--- Activity ---
Quote the whole listing exactly. Leave the pictures out of your copy.

--- Input data ---
_ _ _ _ _

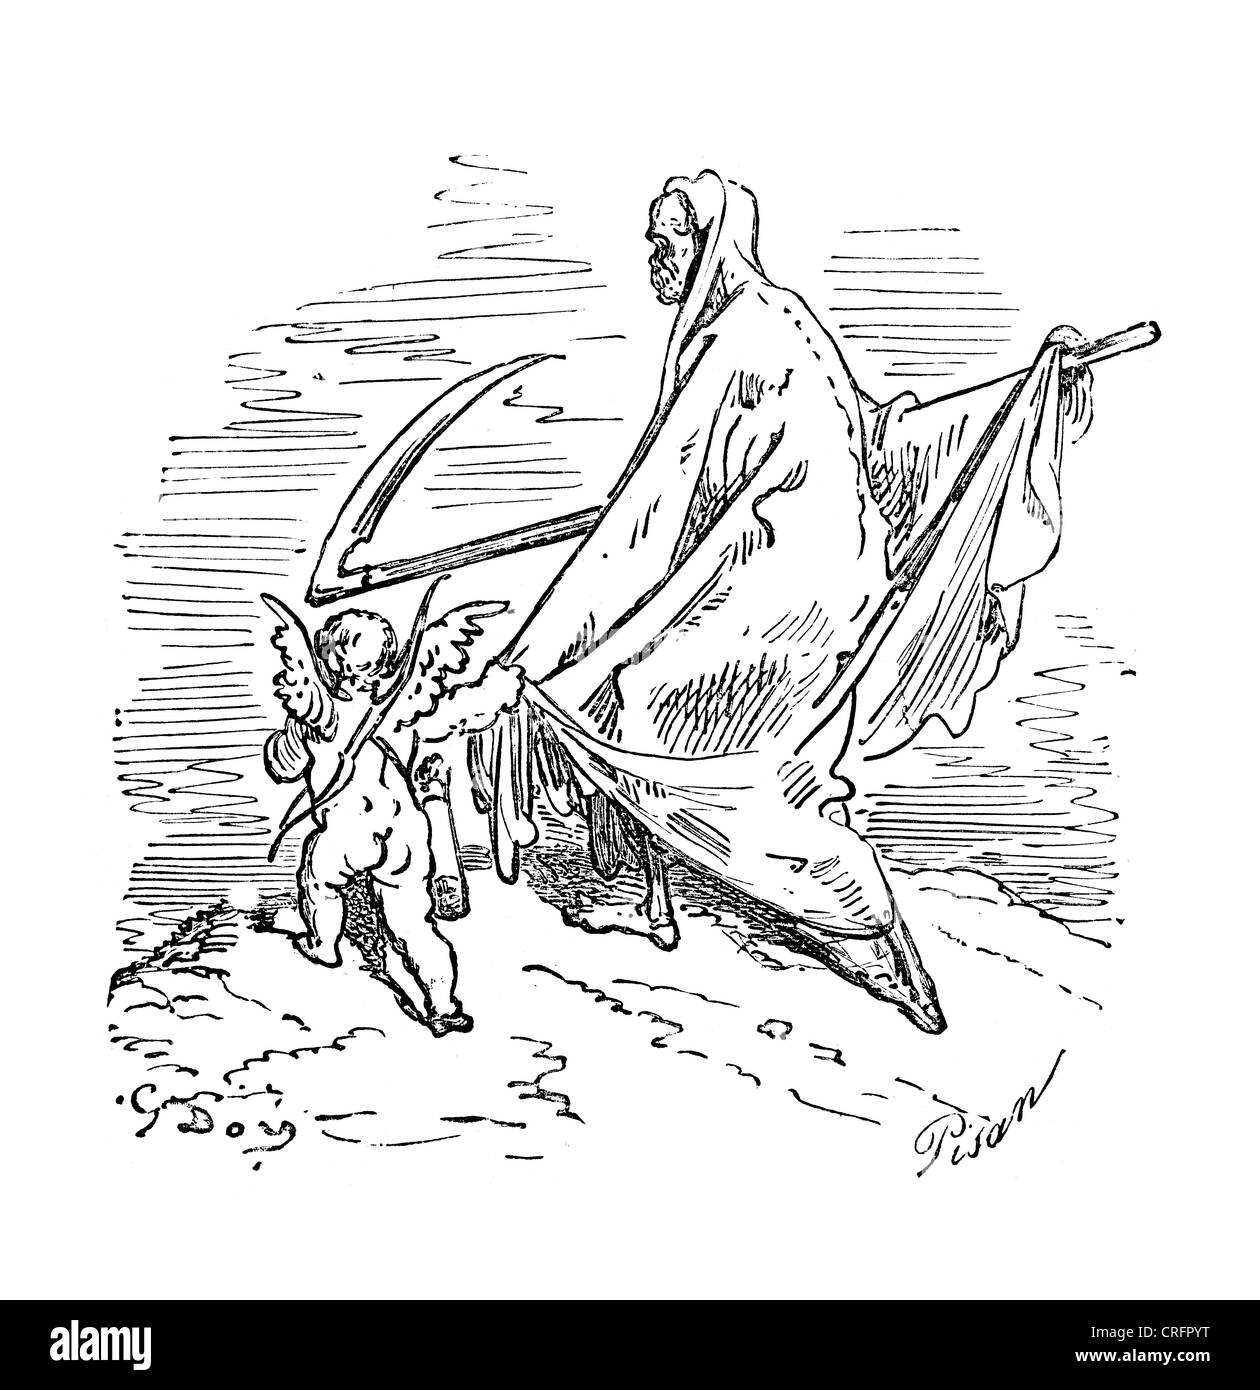 Amor und der Sensenmann. Illustration von Gustave Dore von Don Quijote. Stockfoto
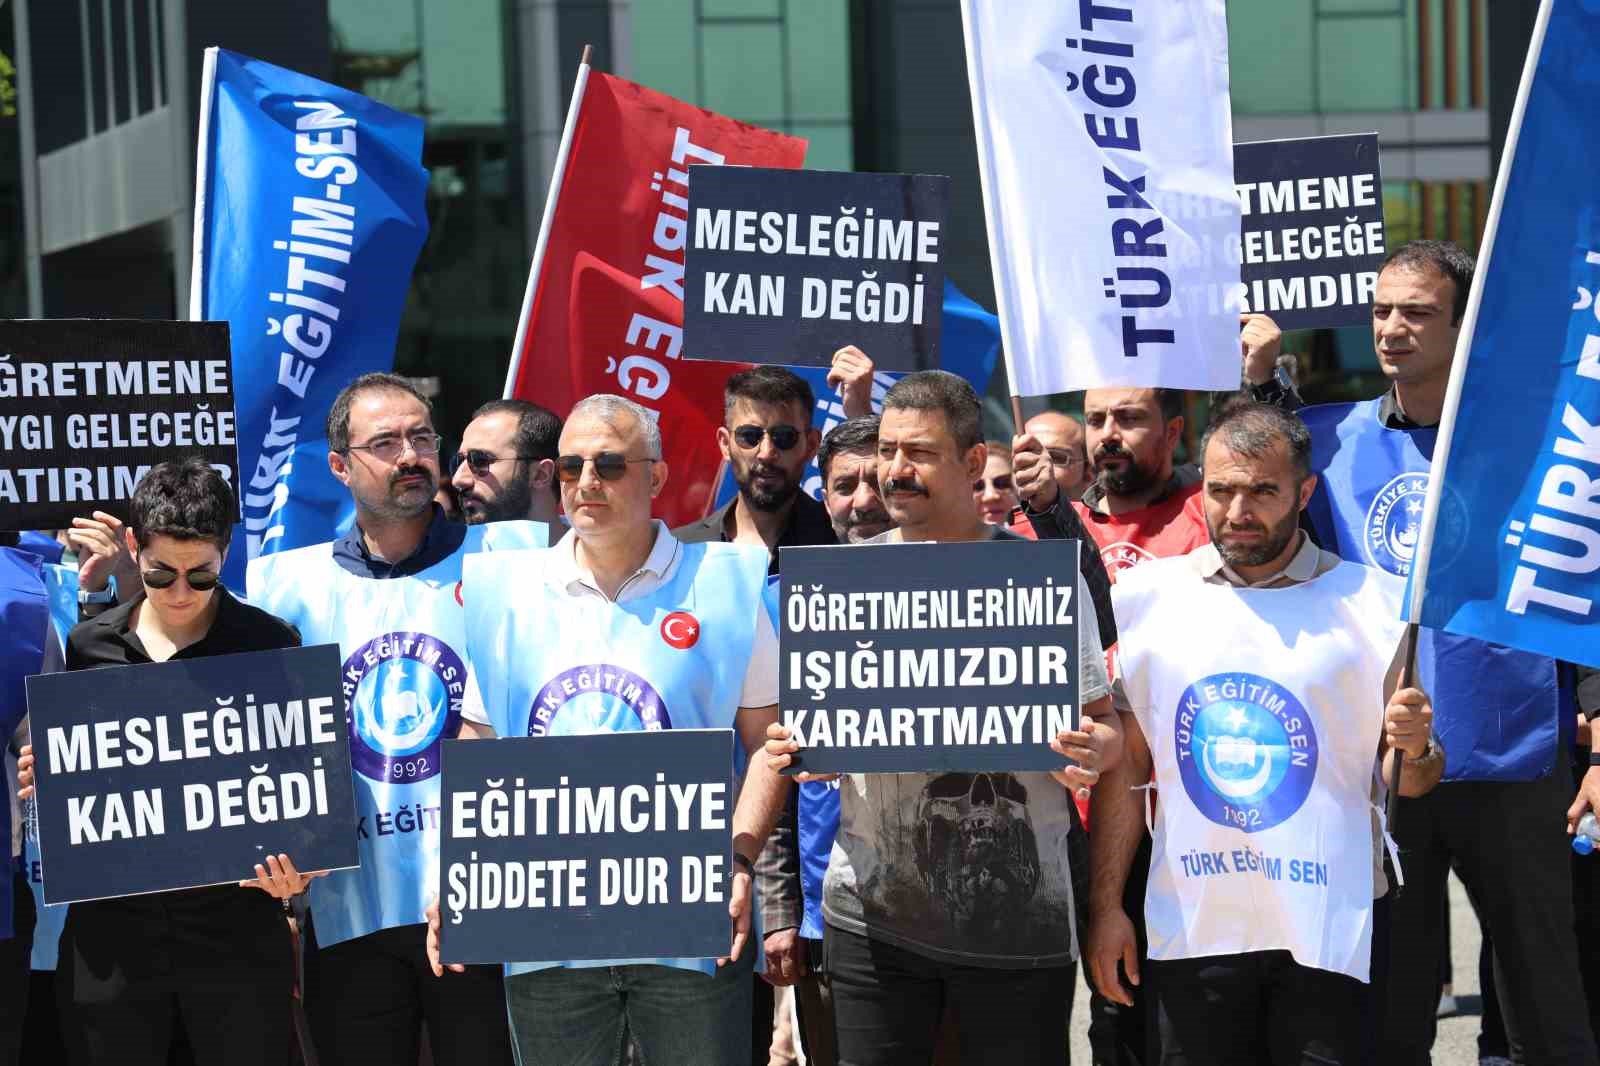 Diyarbakır’da eğitimciler kendilerine yönelik şiddete dikkat çekti
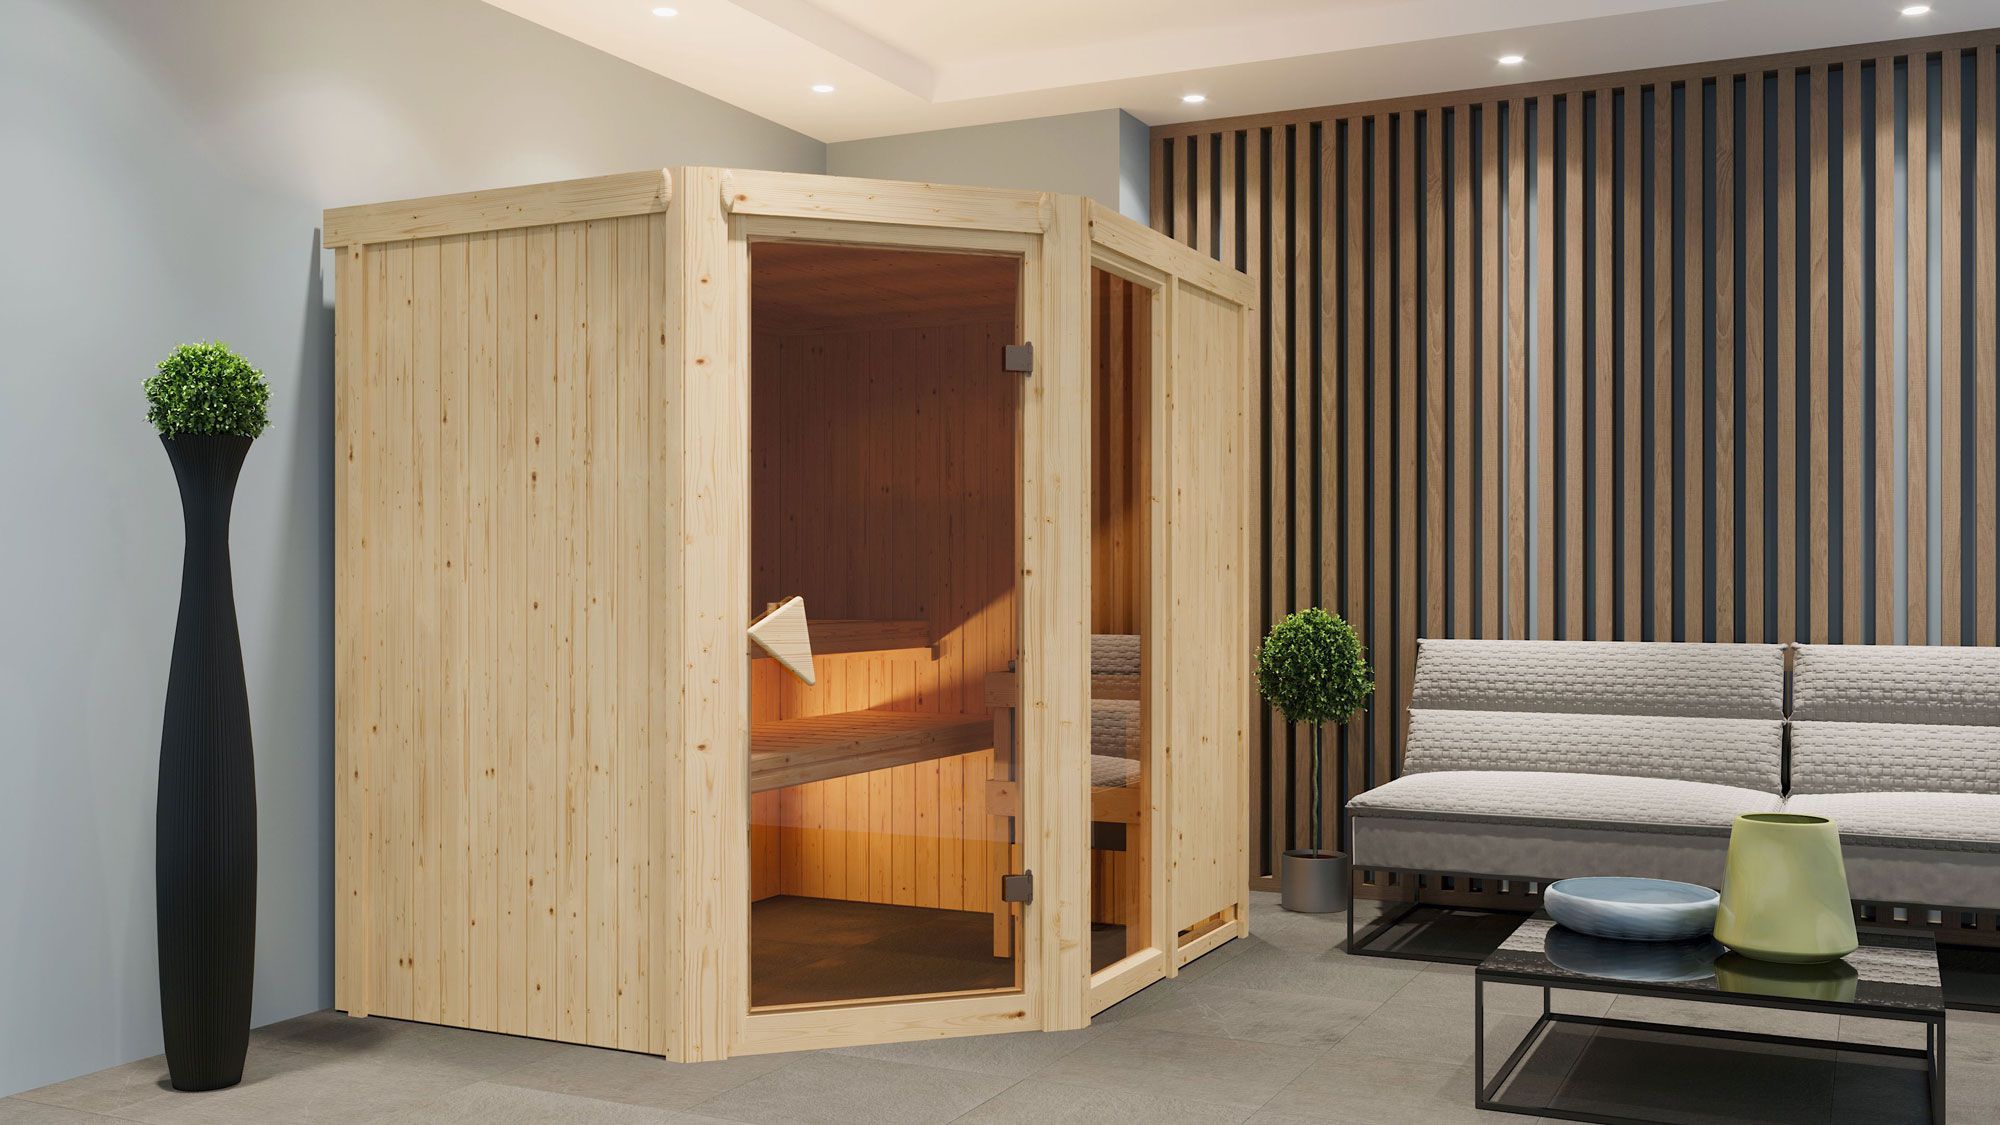 Sauna "Bjarki 2" SET met bronskleurige deur & kachel externe regeling eenvoudig 9 kW roestvrij staal - 196 x 170 x 198 cm (B x D x H)

_ _ _ _ _

--- Task result ---
 Amor und der Sensenmann. Illustration von Gustave Dore von Don Quijote. Stockfoto
 Diyarbakır’da eğitimciler kendilerine yönelik şiddete dikkat çekti
 Sauna "Bjarki 2" SET met bronskleurige deur & kachel externe regeling eenvoudig 9 kW roestvrij staal - 196 x 170 x 198 cm (B x D x H)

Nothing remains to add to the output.